## Given information
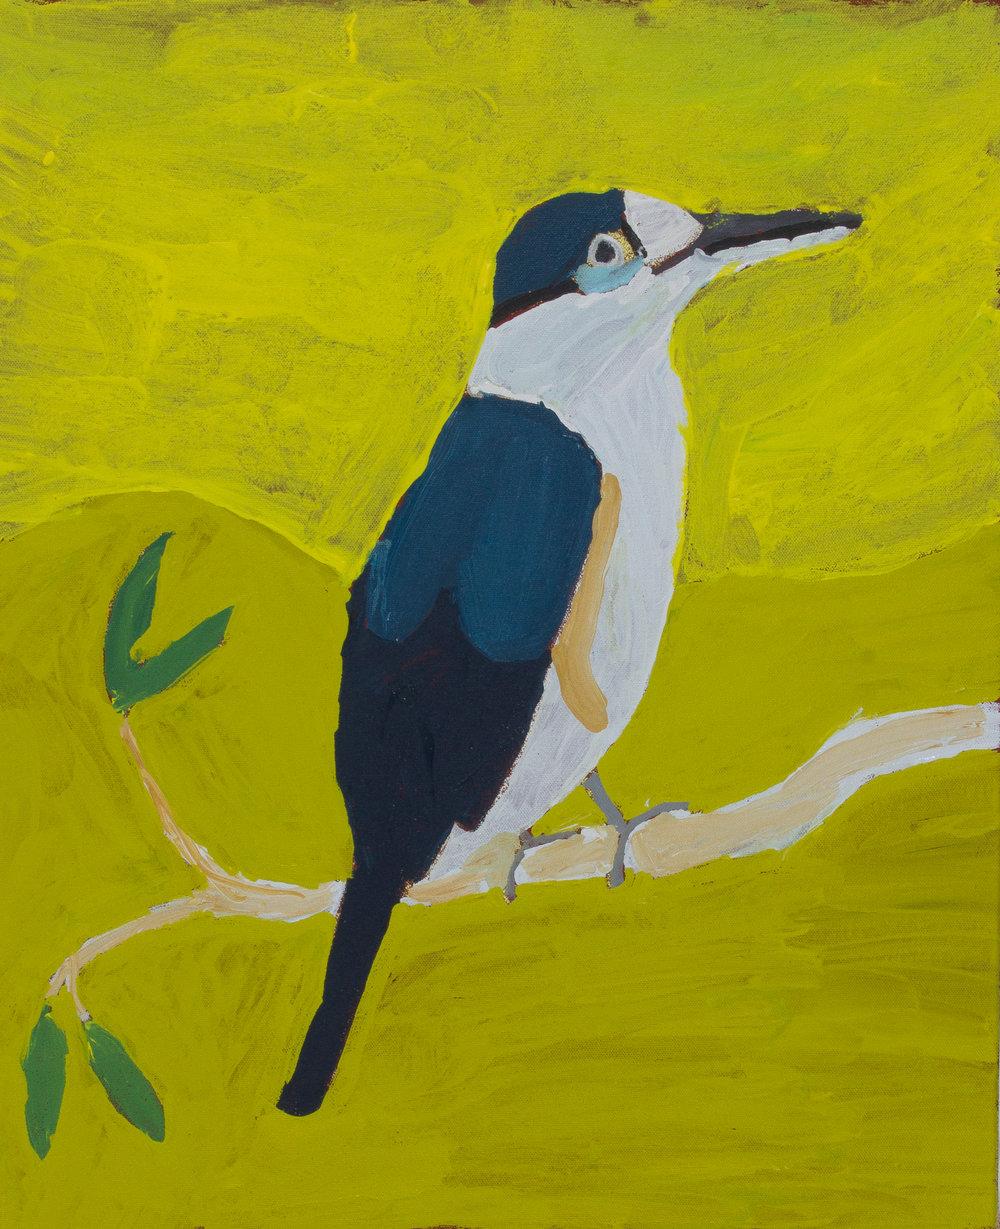 "Nyangulya Katie Nalgood  Kookaburra  22 x 18"" (56 x 45.5 cm) acrylic on linen Spinifex Hills Artists Catalog #18-469   EMAIL INQUIRY"
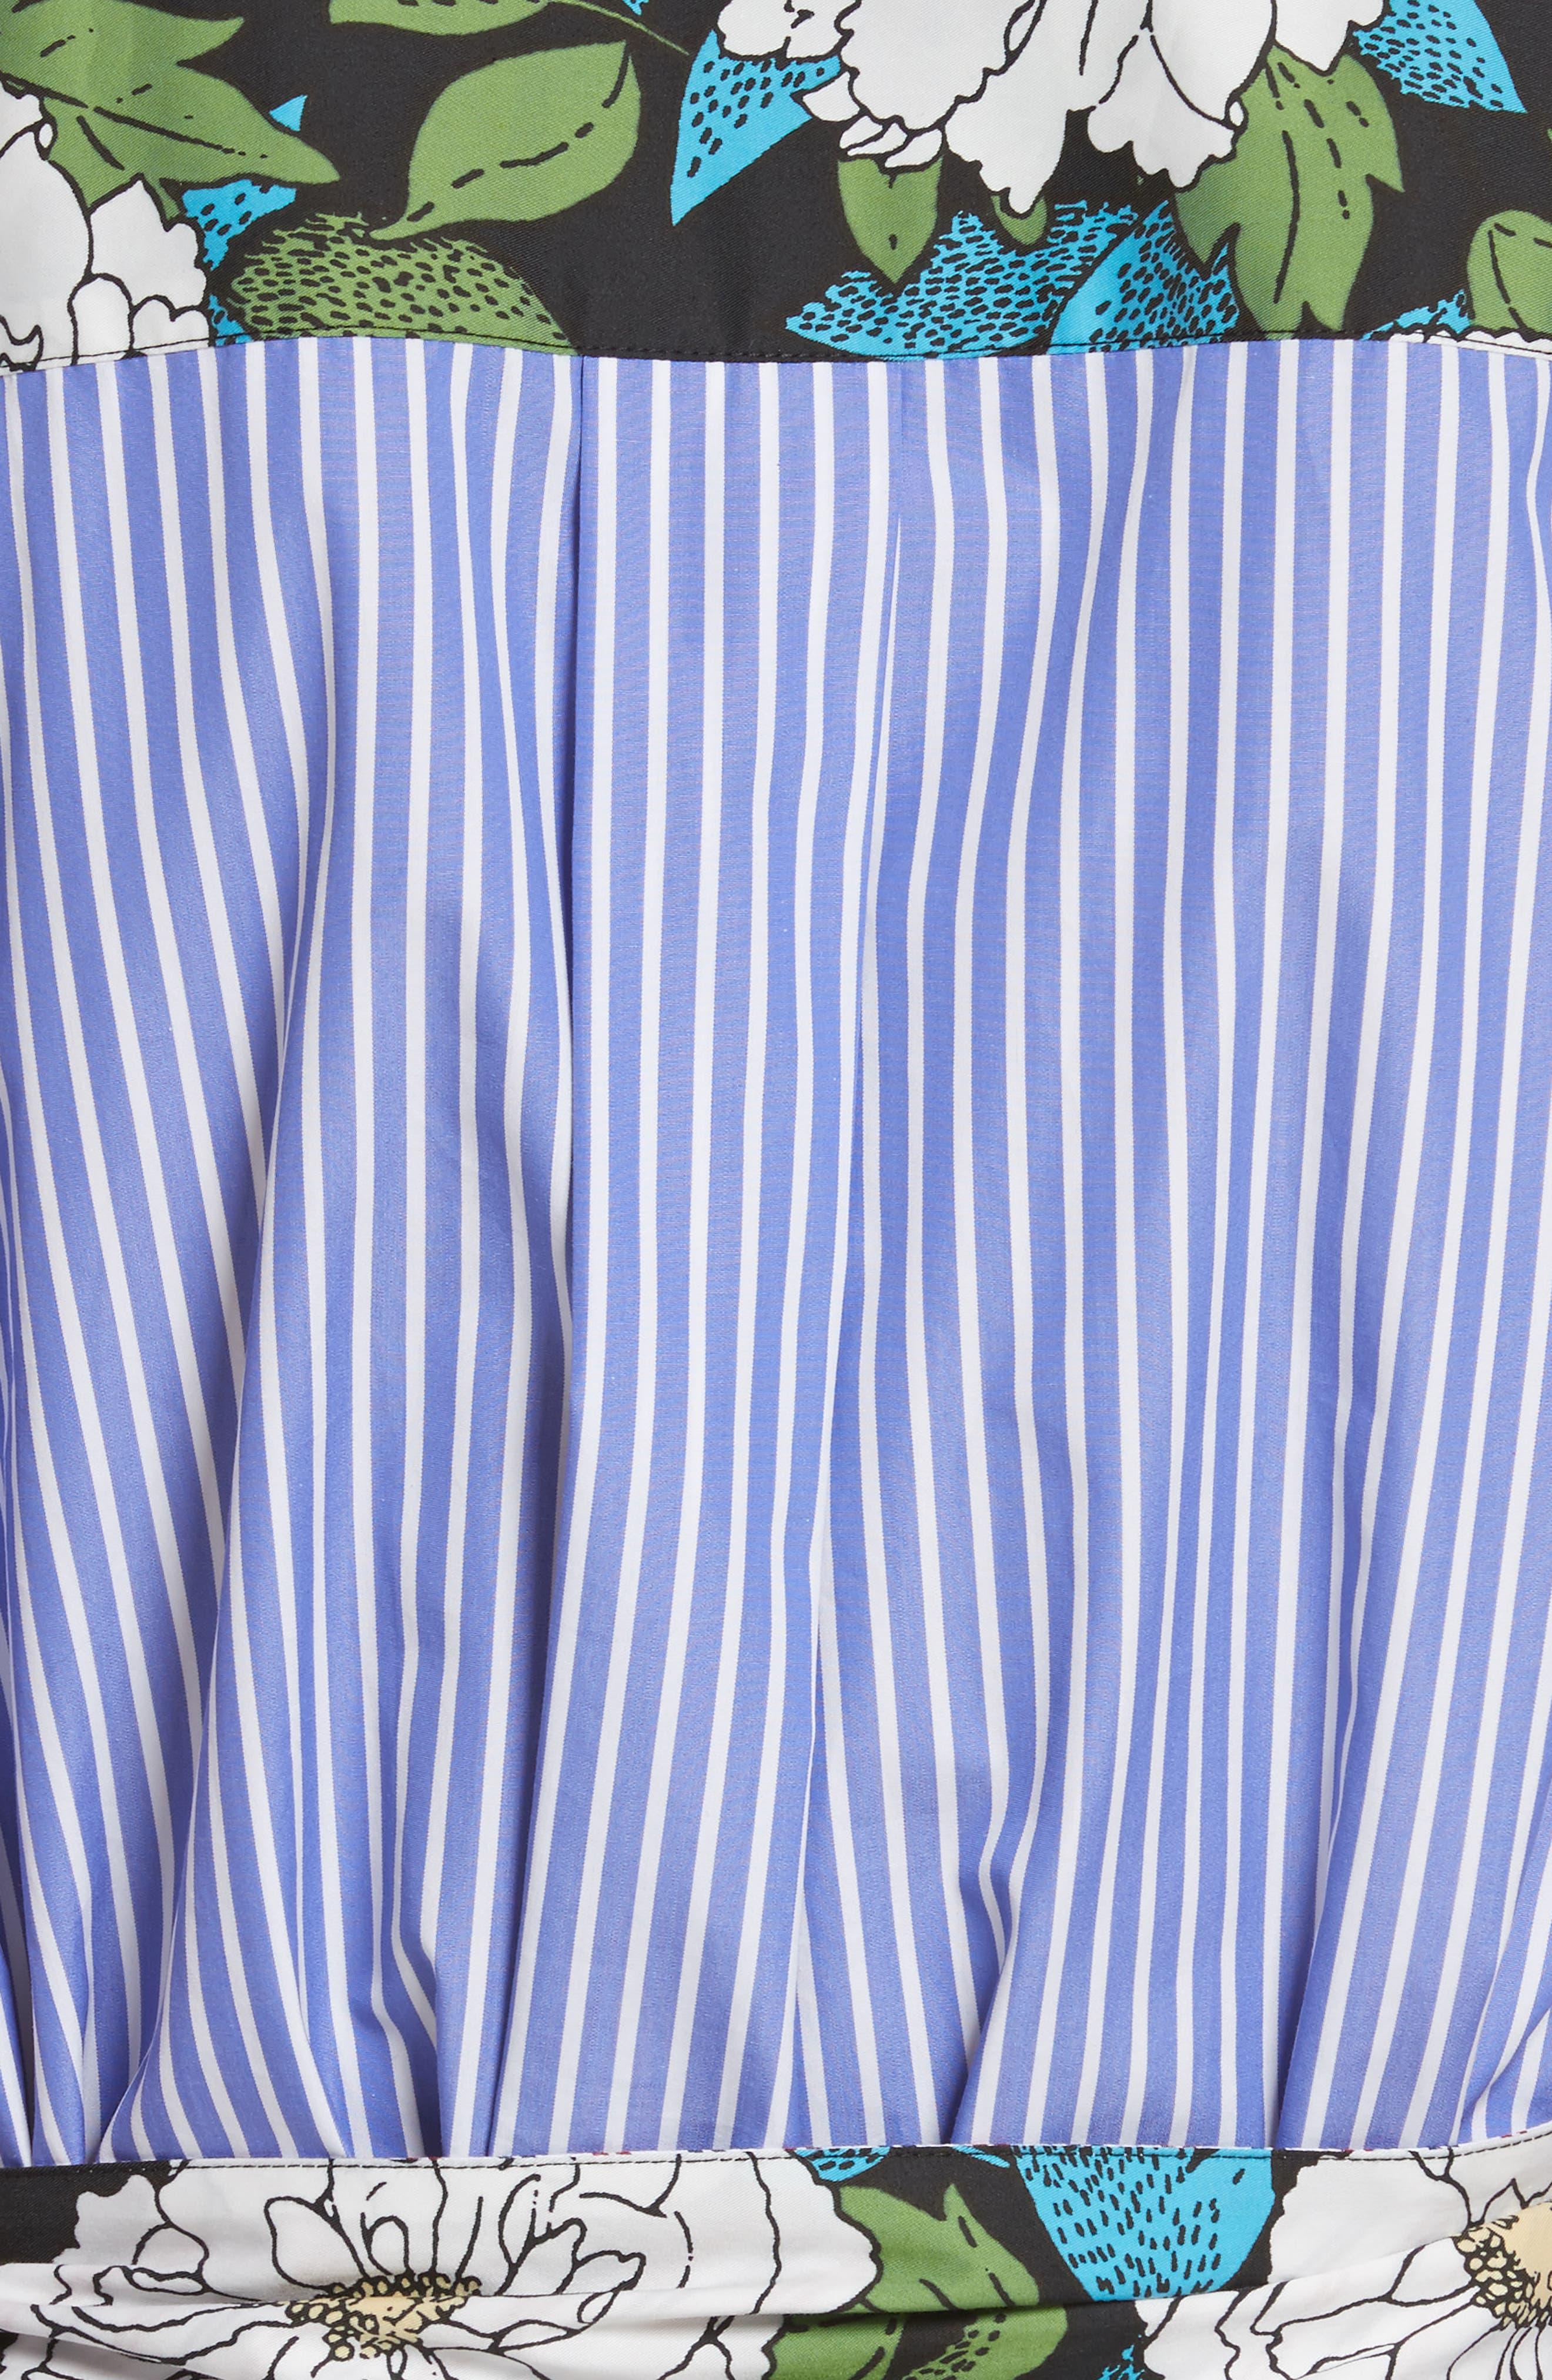 Diane von Furstenberg Mixed Print Cotton Shirtdress,                             Alternate thumbnail 5, color,
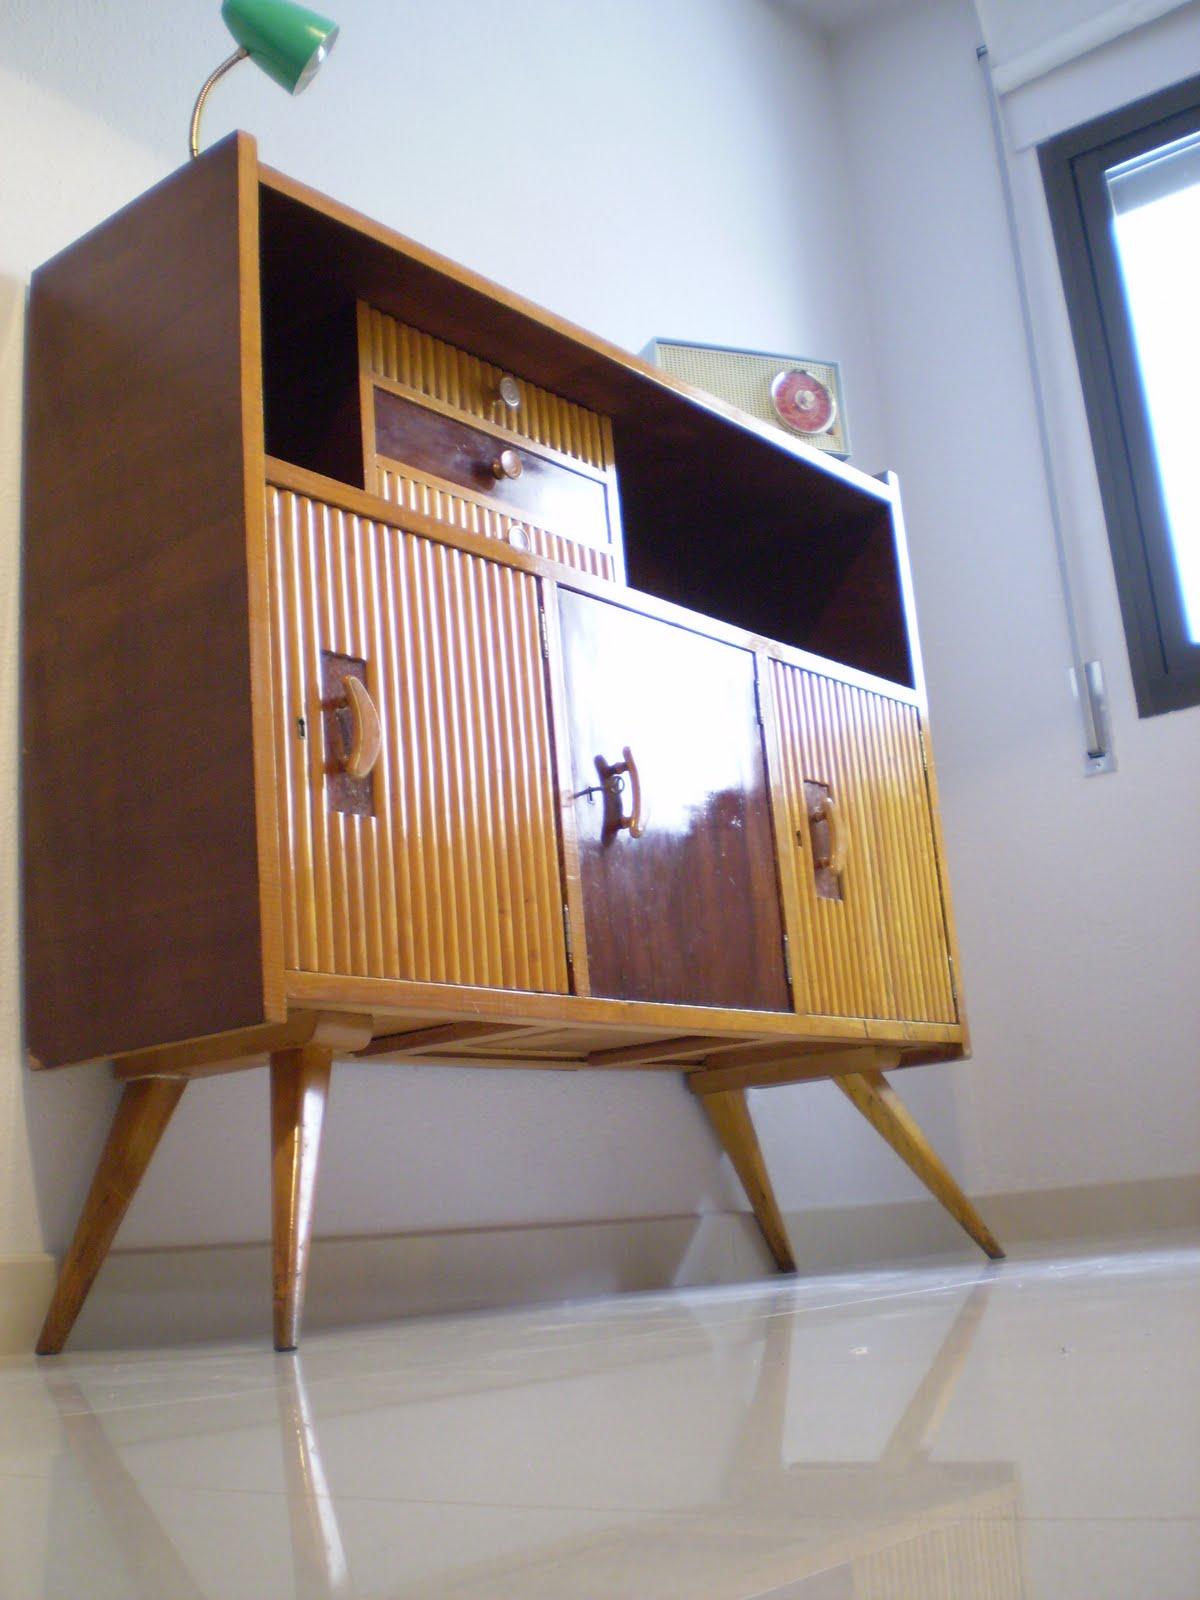 Vintager a mueble aparador a os 50 - Muebles anos 50 madrid ...

## Work task
Return the listing unchanged, but drop every picture.

## Response
 "Nyangulya Katie Nalgood  Kookaburra  22 x 18"" (56 x 45.5 cm) acrylic on linen Spinifex Hills Artists Catalog #18-469   EMAIL INQUIRY"
 Diane von Furstenberg Mixed Print Cotton Shirtdress,                             Alternate thumbnail 5, color,
 Vintager a mueble aparador a os 50 - Muebles anos 50 madrid ...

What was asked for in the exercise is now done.